LinuxQuestions.org
Go Job Hunting at the LQ Job Marketplace
Go Back   LinuxQuestions.org > Forums > Linux Forums > Linux - Newbie
User Name
Password
Linux - Newbie This Linux forum is for members that are new to Linux.
Just starting out and have a question? If it is not in the man pages or the how-to's this is the place!

Notices

Reply
 
Search this Thread
Old 09-21-2012, 02:56 AM   #1
Trd300
Member
 
Registered: Feb 2012
Posts: 89

Rep: Reputation: Disabled
redirecting input from file in awk script


Hi Linux experts !

A general question.

Inside an awk script, how do you redirect an input file (different from the original one you entered in the command line).

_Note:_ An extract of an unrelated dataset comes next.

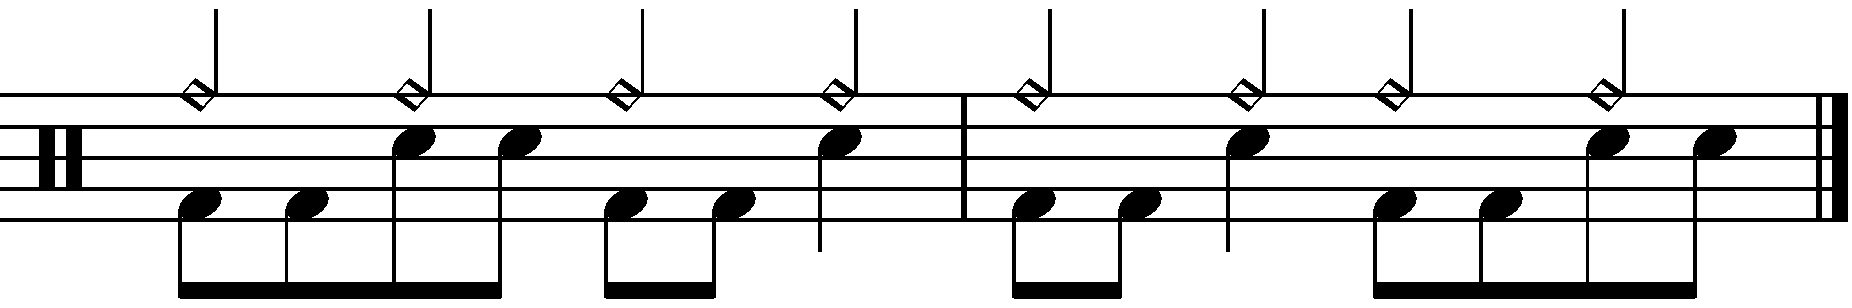 2 Bar Grooves - Example 2g

In a general way, if you invoke a script with:
Code:
gawk -f myprog.awk input1.txt
and myprog.awk is something like:

Code:
BEGIN{}

function dosomething{field}

{
    print dosomething($1) > output1.txt     # myprog.awk use the original input1.txt and redirect the file output1.txt at this step
}
.
.                                          # keep going farther in the script
.
{
    while(0 < (getline < "output1.txt"))     # need to stop using the original input1.txt and use output1.txt instead for the rest of the script
}

END{}
Is it doable in awk?

Last edited by Trd300; 09-21-2012 at 02:58 AM.
 
Old 09-21-2012, 06:28 AM   #2
pixellany
LQ Veteran
 
Registered: Nov 2005
Location: Annapolis, MD
Distribution: Arch/XFCE
Posts: 17,802

Rep: Reputation: 729Reputation: 729Reputation: 729Reputation: 729Reputation: 729Reputation: 729Reputation: 729
Quote:
Is it doable in awk?
Did you try it?

Google found this:
http://www.linuxquestions.org/questi...de-awk-874908/
 
Old 09-21-2012, 07:56 AM   #3
Trd300
Member
 
Registered: Feb 2012
Posts: 89

Original Poster
Rep: Reputation: Disabled
Hi pixellany, thanks for your help!

Yep I've seen this one and the awk manual.

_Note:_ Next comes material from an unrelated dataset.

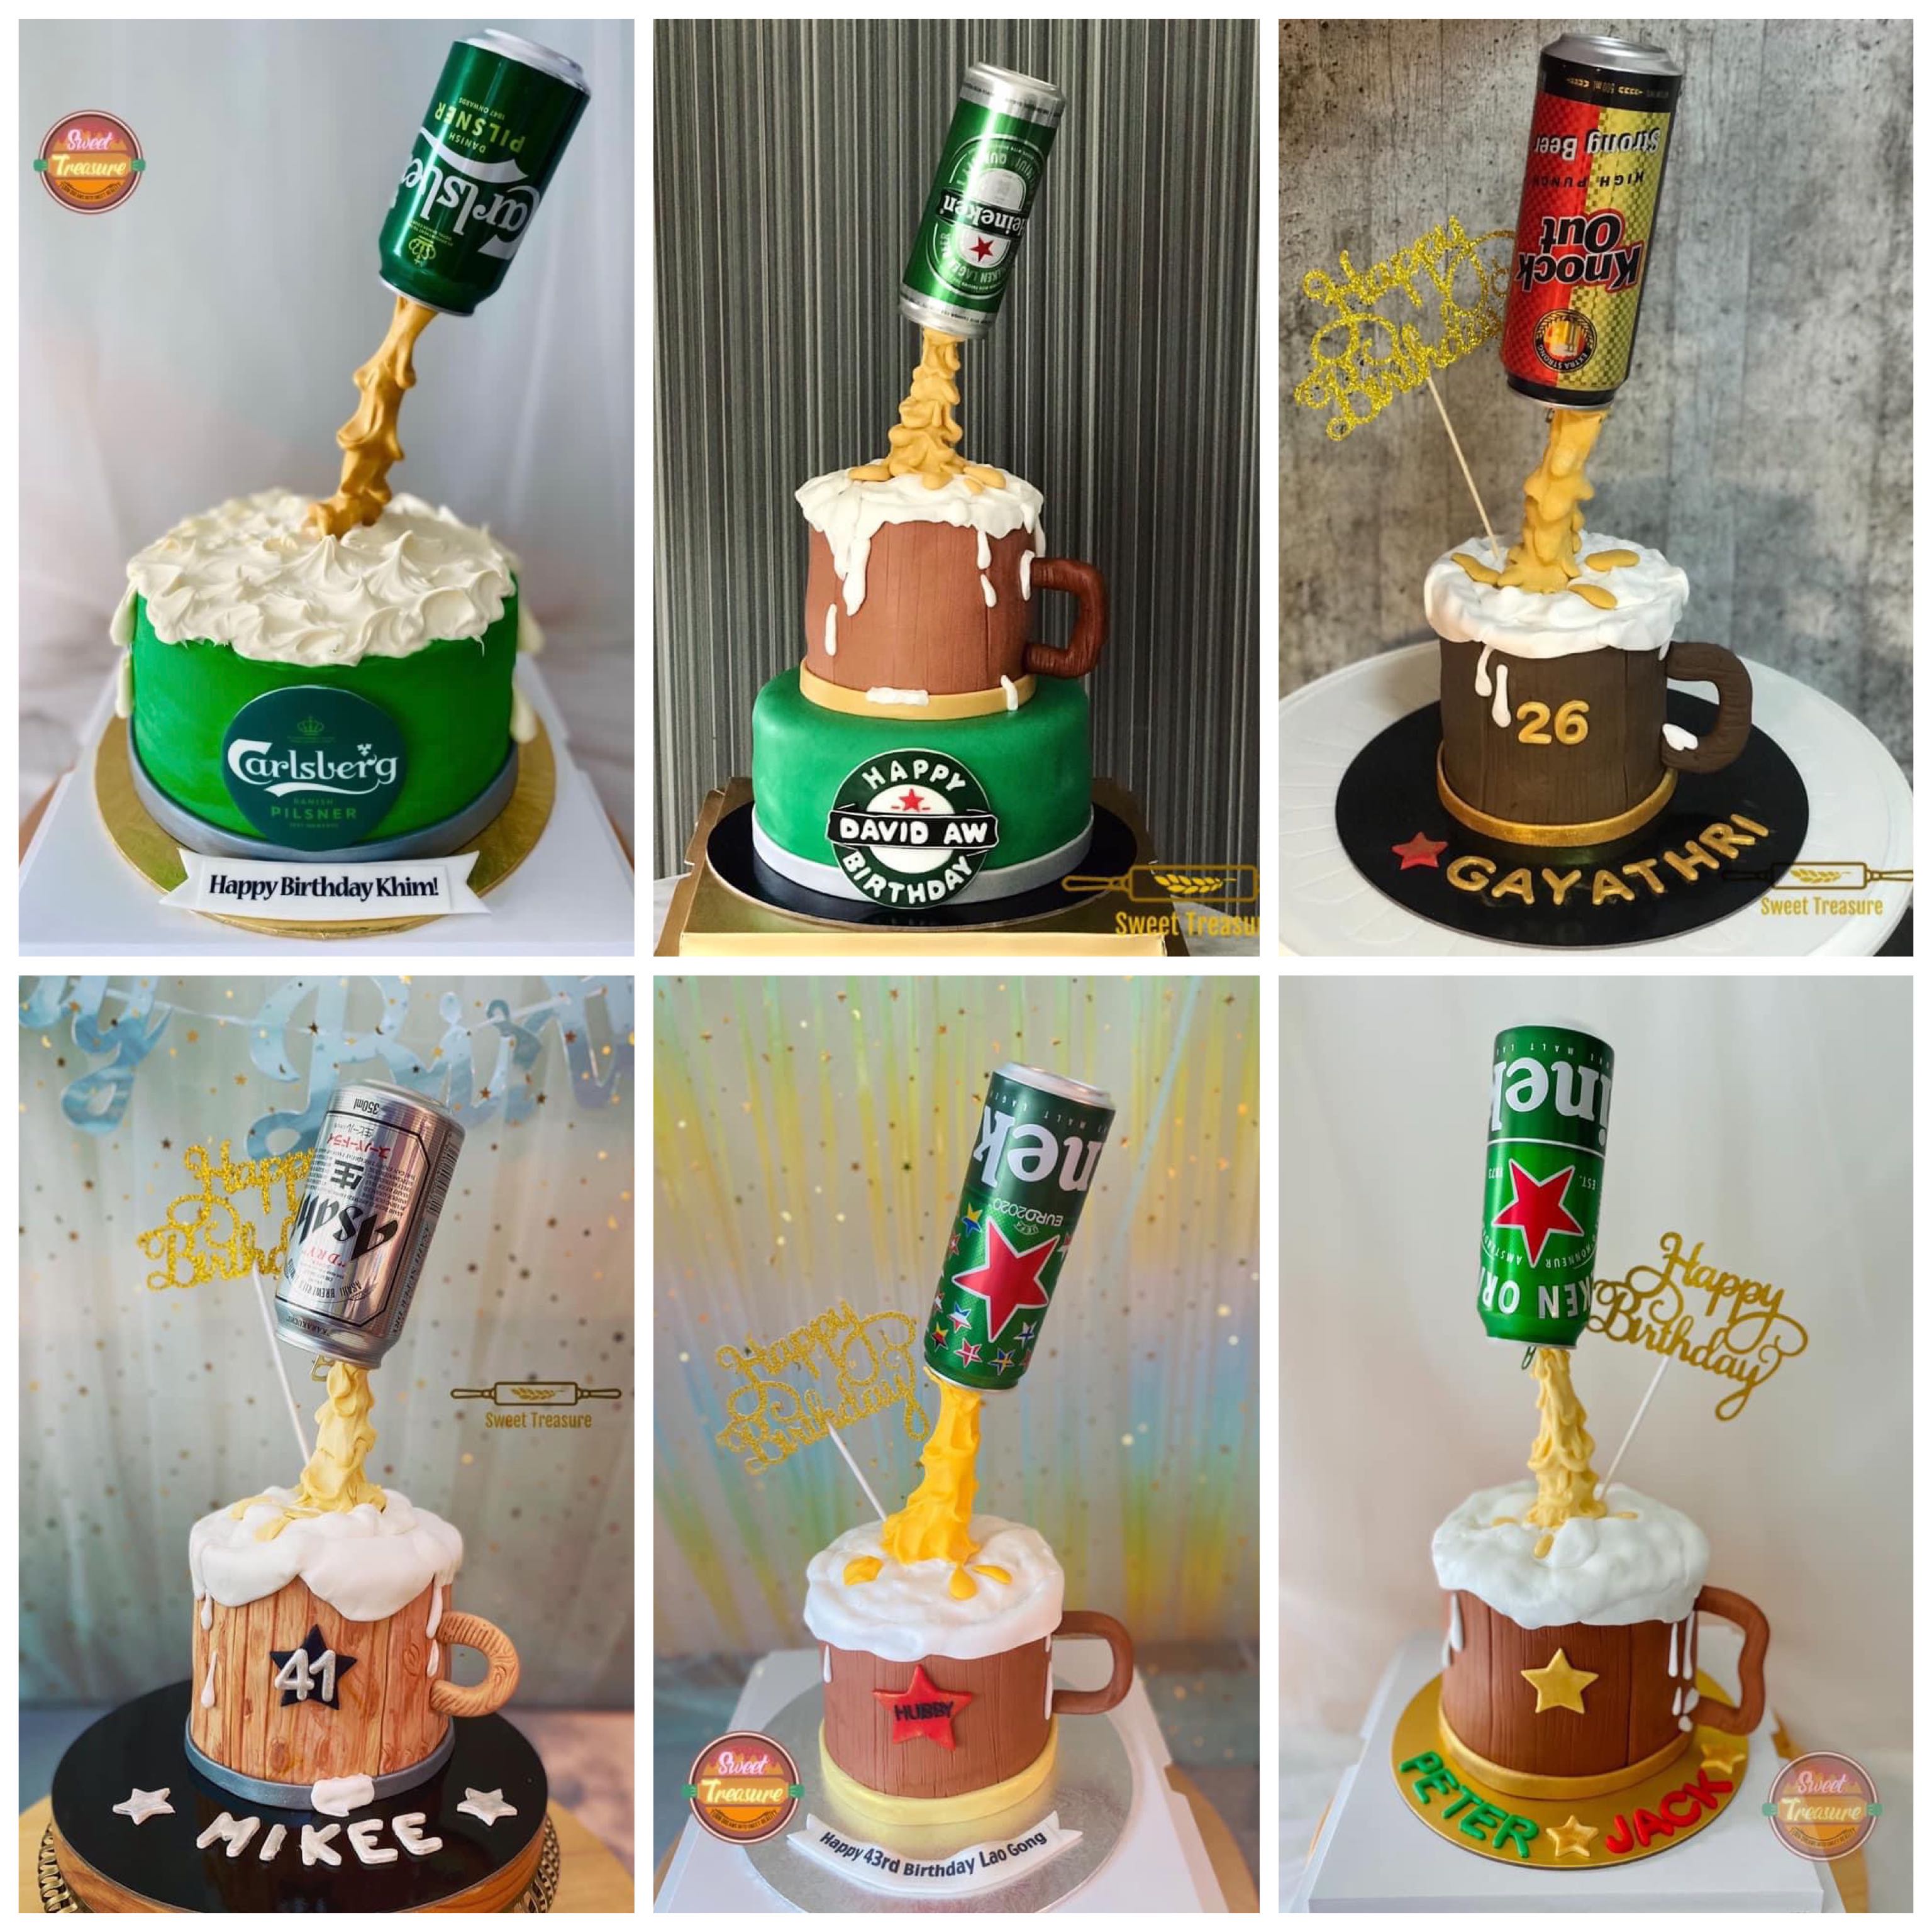 I added the beer can to make it a gravity cake : r/cakedecorating

* But do you have to use the code below only in the BEGIN{} partt of the script or you can use it when you want?
Code:
while ( 0 < (getline < file))
* Do you have to use a specific function to "close" the previous section before using the code above (like exit, break or something else) ?

* And do you have to re-define FS, OFS, RS... after redirecting the new file?

Thanks !

Last edited by Trd300; 09-21-2012 at 07:58 AM.
 
Old 09-21-2012, 10:40 PM   #4
Trd300
Member
 
Registered: Feb 2012
Posts: 89

Original Poster
Rep: Reputation: Disabled
Maybe with as simple example:

command-line:
Code:
gawk -f myprog.awk input1.txt
script:
Code:
BEGIN{FS=OFS="|"}

{
  <first block where I process the original input1.txt invoked in the command line> > "output1.txt"
}

{while((getline < "output1.txt") > 0){
     RS=ORS="\n"; FS=OFS="|"
     print $3
     }
}
if the file output1.txt generated in the middle of the script is:
Code:
AAA|BBB|CCC
DDD|EEE|FFF
GGG|HHH|III
JJJ|KKK|LLL
I got this final output after the program finishes running the script:
Code:
CCC
DDD
instead of:
Code:
CCC
FFF
III
LLL
In the bold section I tried to use "if" instead of "while" statement, getline var < file, with or without defining FS/OFS, RS/ORS but it returns the same results every time.

Any help or comments would be great.
Thanks in advance !

Last edited by Trd300; 09-21-2012 at 10:43 PM.
 
Old 09-22-2012, 01:53 AM   #5
grail
Guru
 
Registered: Sep 2009
Location: Perth
Distribution: Manjaro
Posts: 7,689

Rep: Reputation: 1987Reputation: 1987Reputation: 1987Reputation: 1987Reputation: 1987Reputation: 1987Reputation: 1987Reputation: 1987Reputation: 1987Reputation: 1987Reputation: 1987
Quote:
But do you have to use the code below only in the BEGIN{} part of the script or you can use it when you want?
No you can use it anywhere you like with the understanding that once completed, the file in question will have no more reads left. It can also be used if you wish to read an entire file
each time you get to this part of your code to be used in comparison to your data from the current file.
Quote:
Do you have to use a specific function to "close" the previous section before using the code above (like exit, break or something else) ?
(g)awk comes with its own close function to close any open file. Like other languages, it is a good habit to get into closing a file opened inside the code as opposed
to one being read in.
Quote:
And do you have to re-define FS, OFS, RS... after redirecting the new file?
Only if the files require different values.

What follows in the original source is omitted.